• [DATA SHOWN]
________

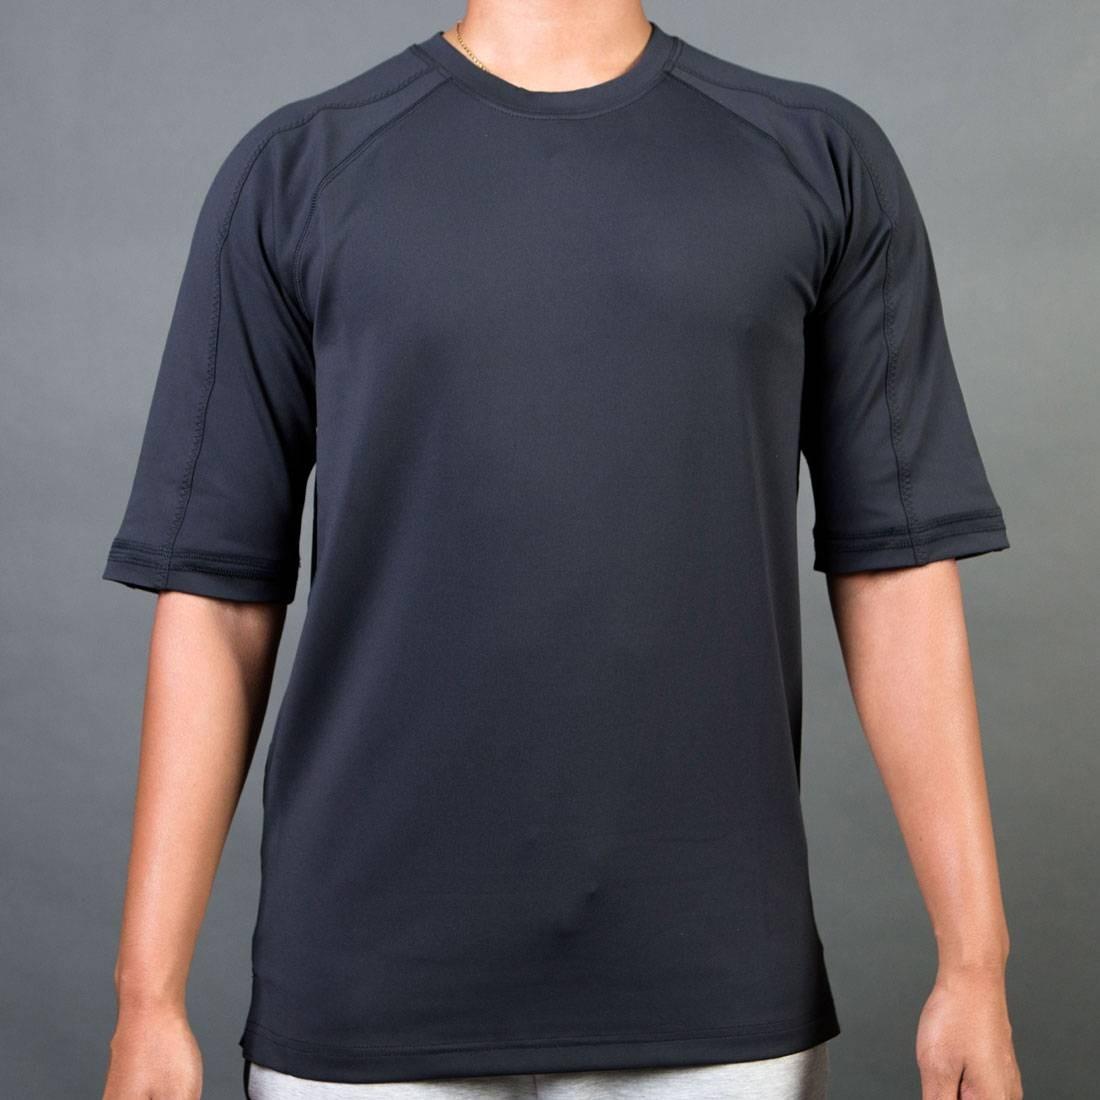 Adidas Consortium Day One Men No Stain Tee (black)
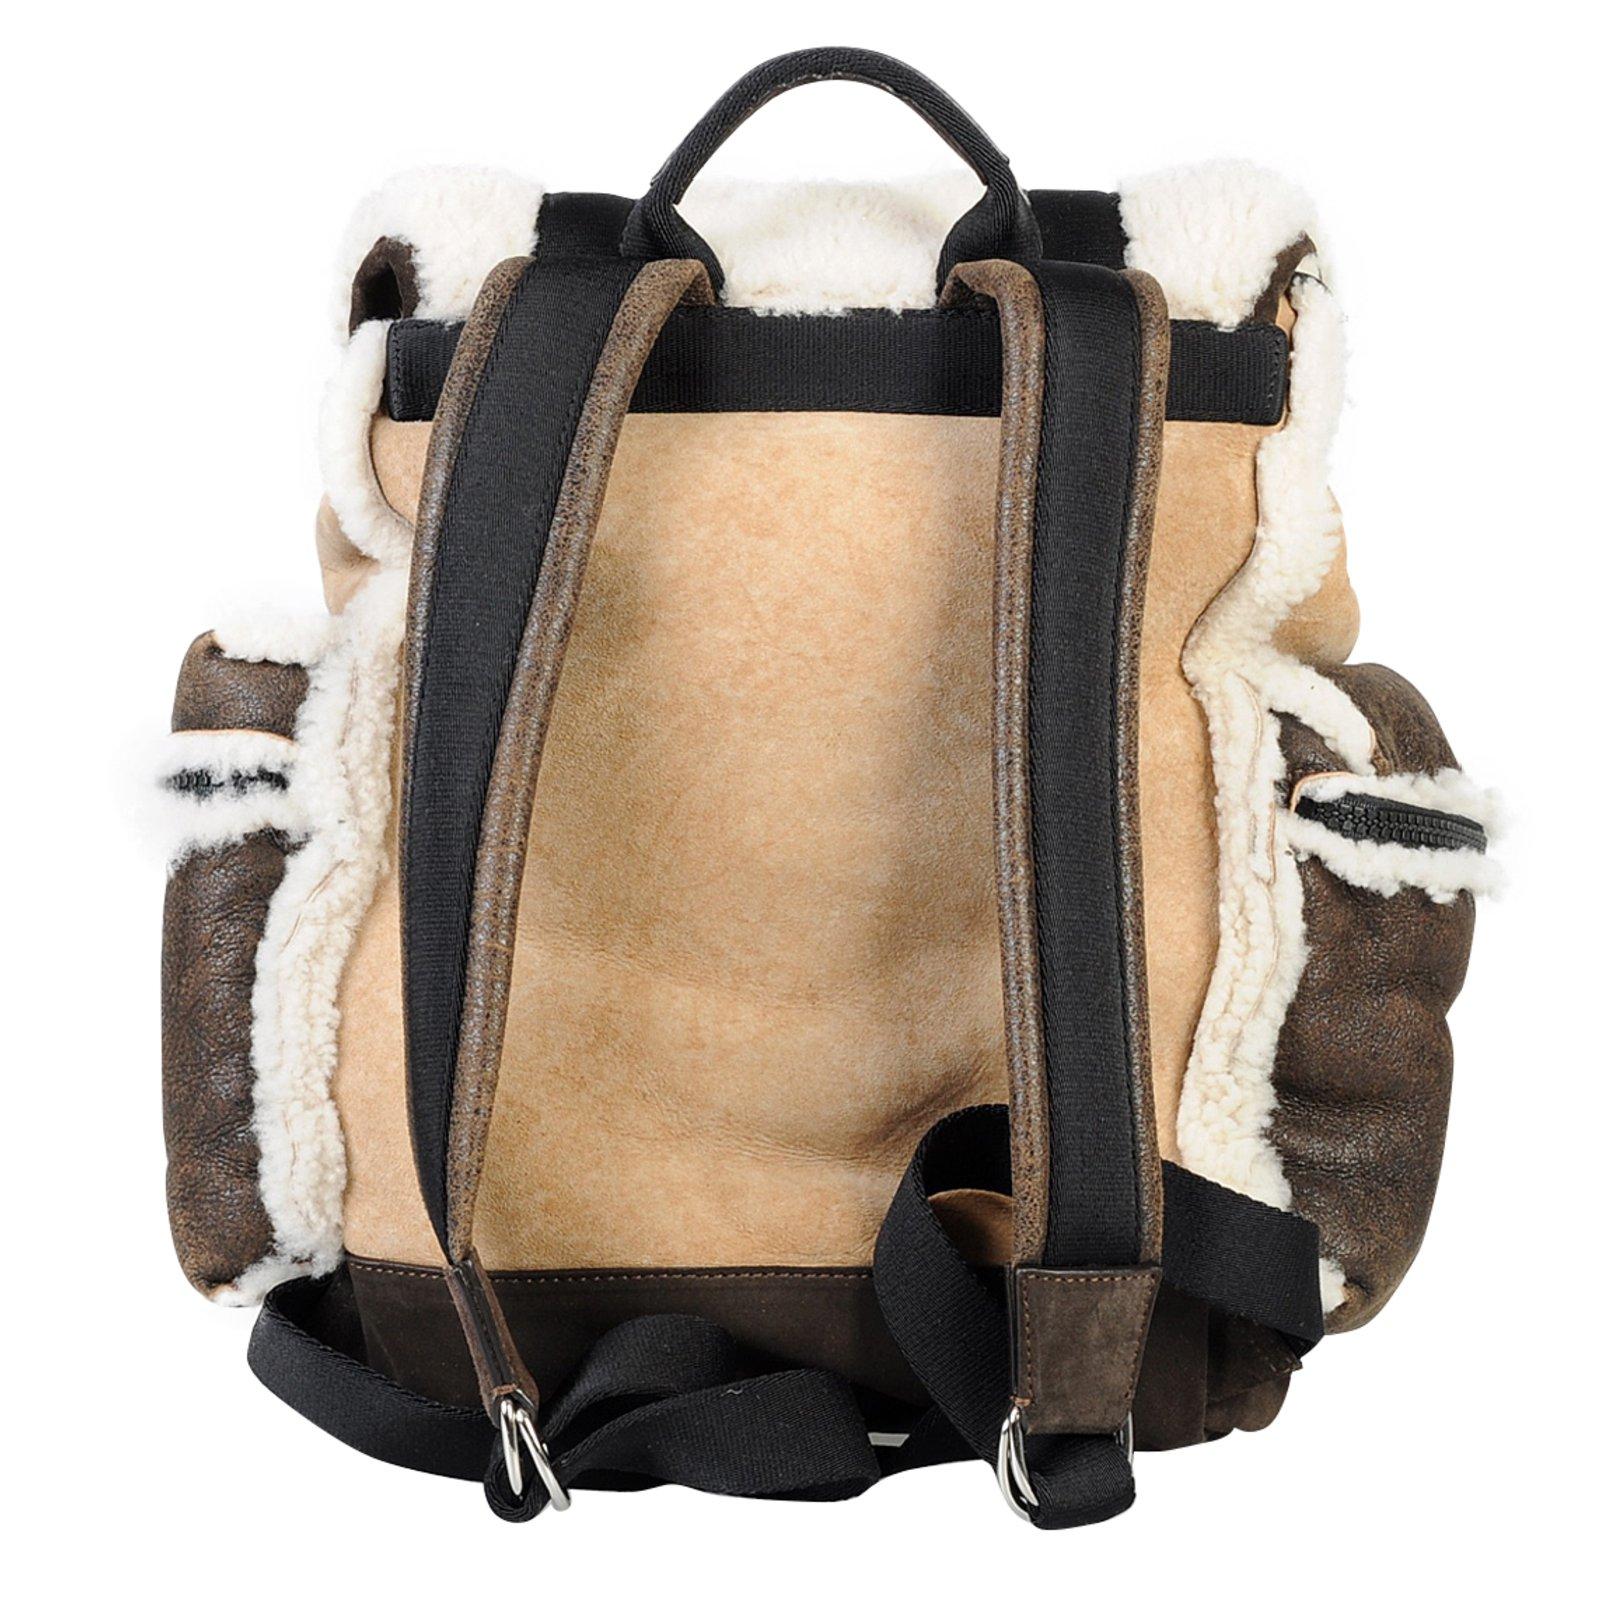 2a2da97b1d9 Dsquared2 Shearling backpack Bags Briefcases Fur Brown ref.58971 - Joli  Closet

________

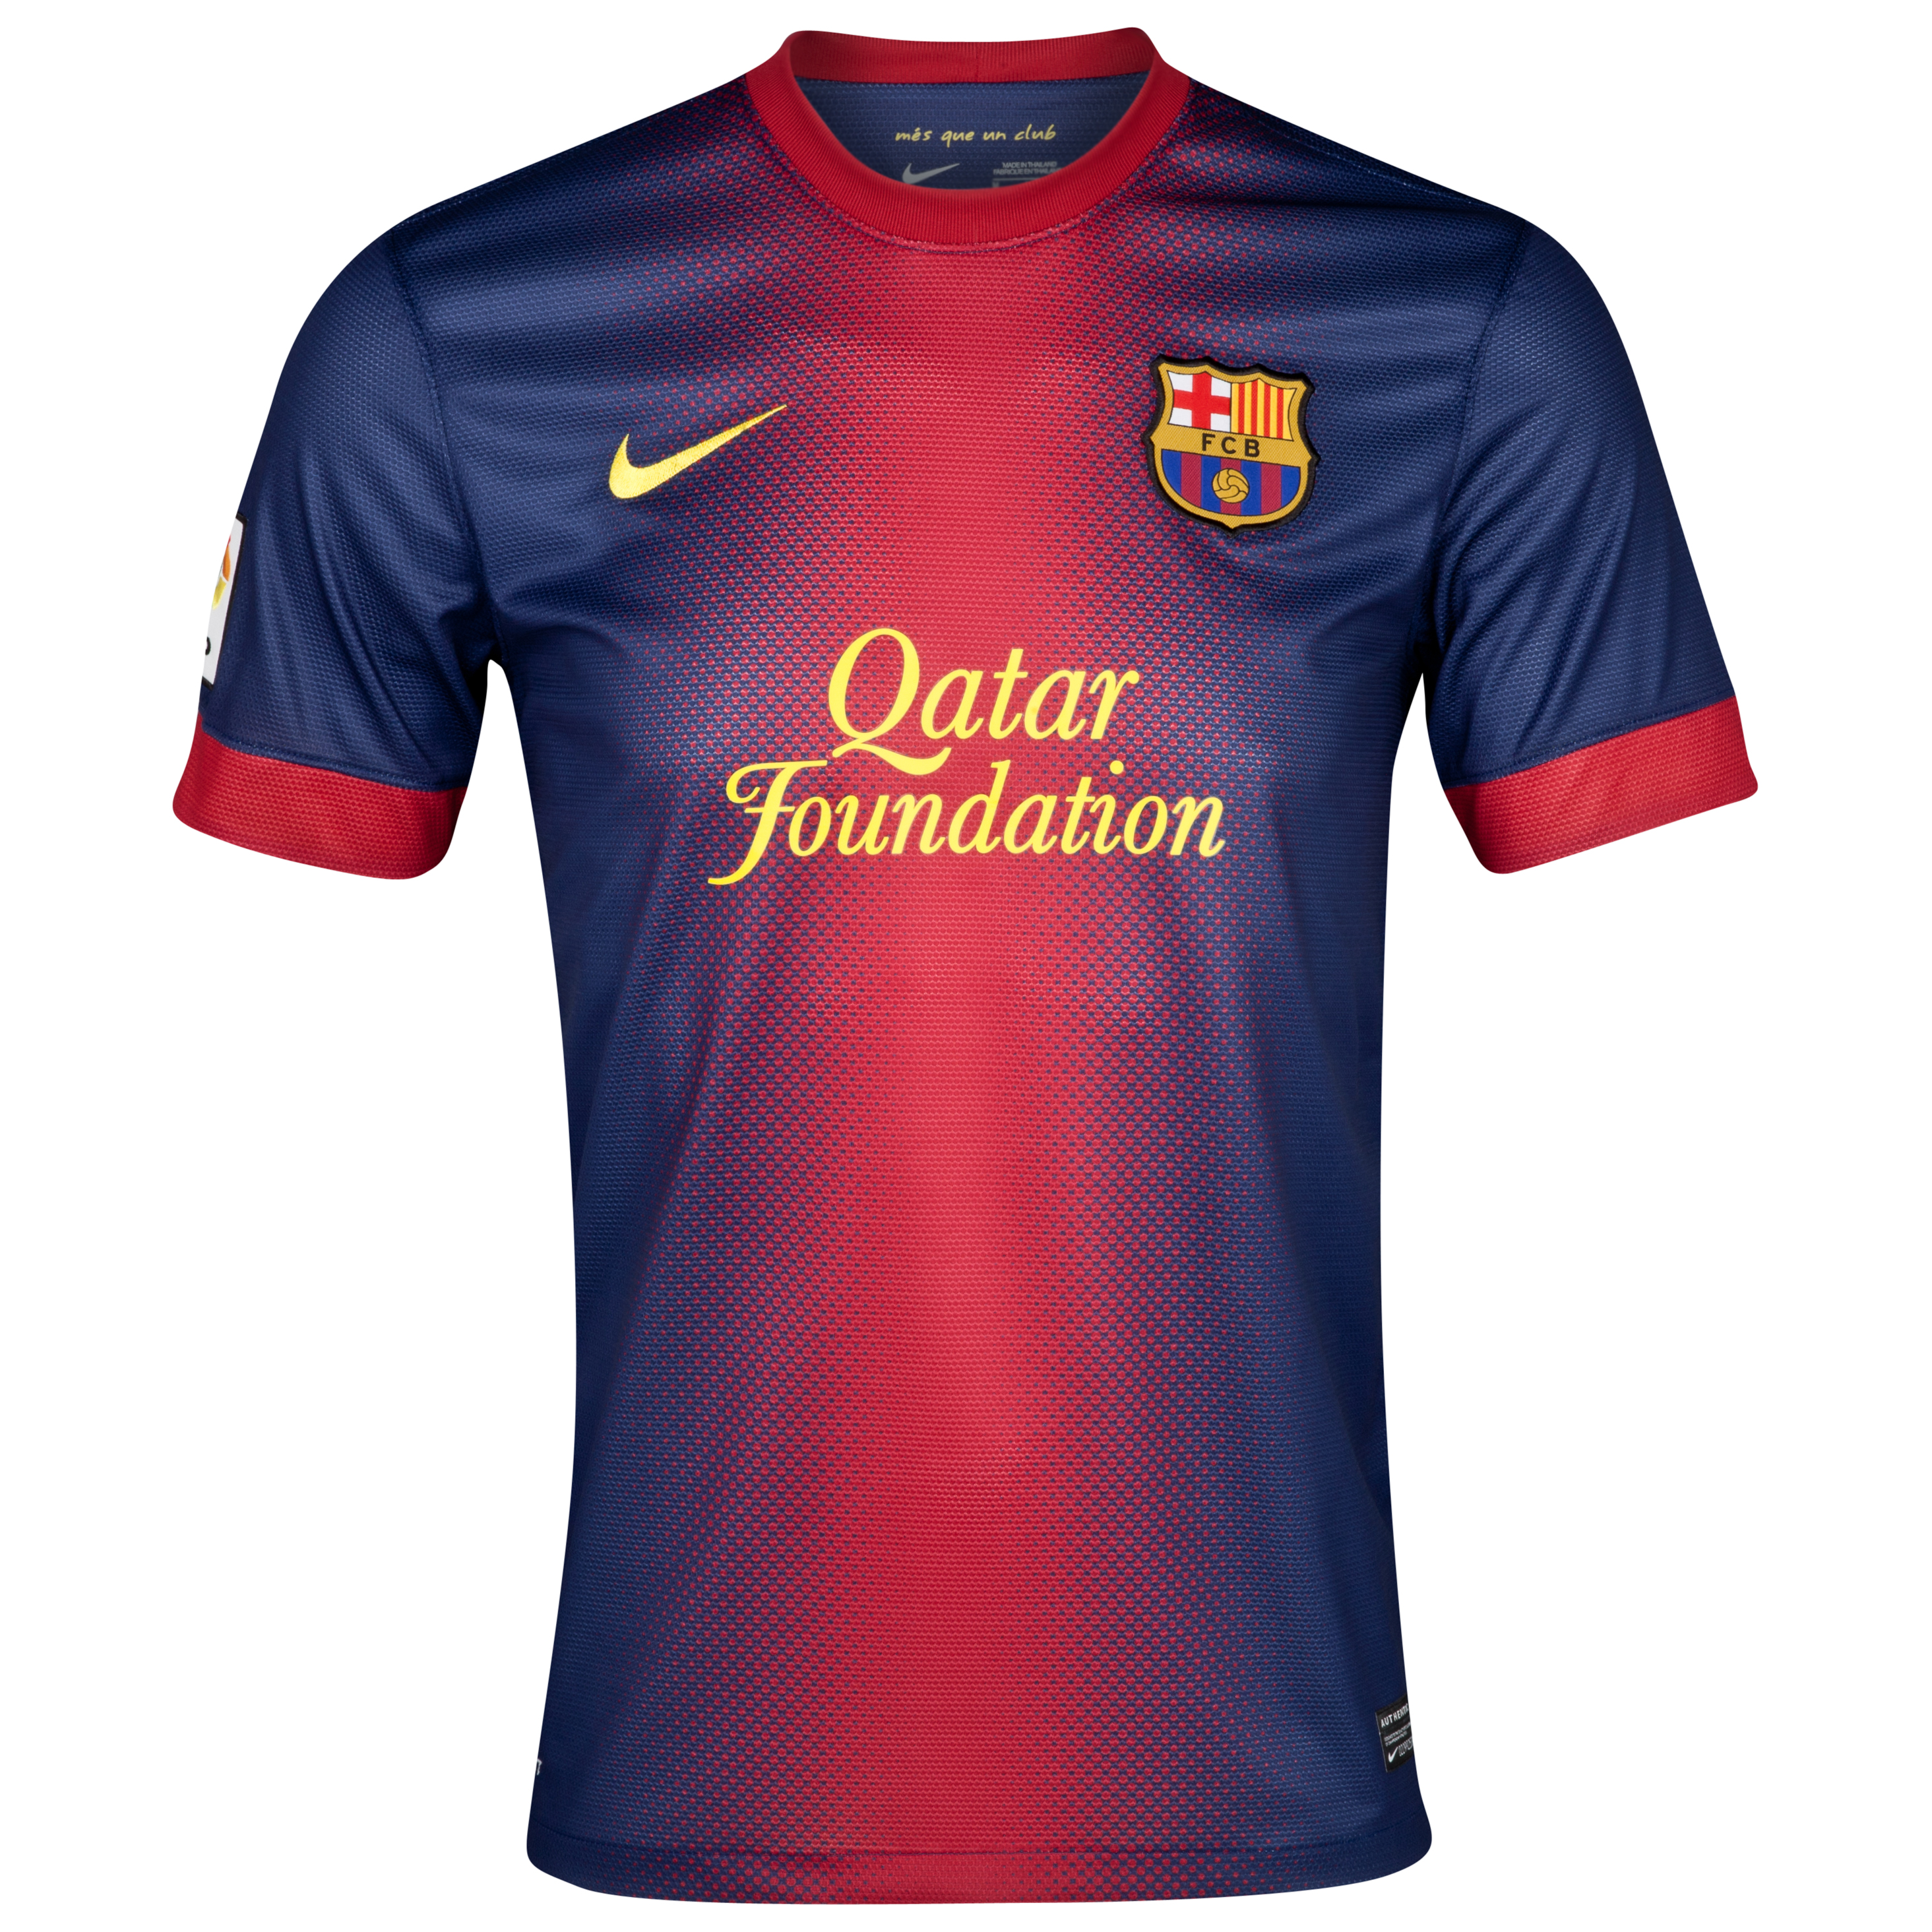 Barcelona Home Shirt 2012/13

________

• [WHAT YOU WILL DO]
For the material above, give again only the lines starting at the line that contains "Adidas Consortium Day" and ending at the line that contains "2a2da97b1d9 Dsquared2 Shearling". Pictures do not belong in the copy.

• [RESPONSE TO THE EXERCISE]
 Adidas Consortium Day One Men No Stain Tee (black)
 2a2da97b1d9 Dsquared2 Shearling backpack Bags Briefcases Fur Brown ref.58971 - Joli  Closet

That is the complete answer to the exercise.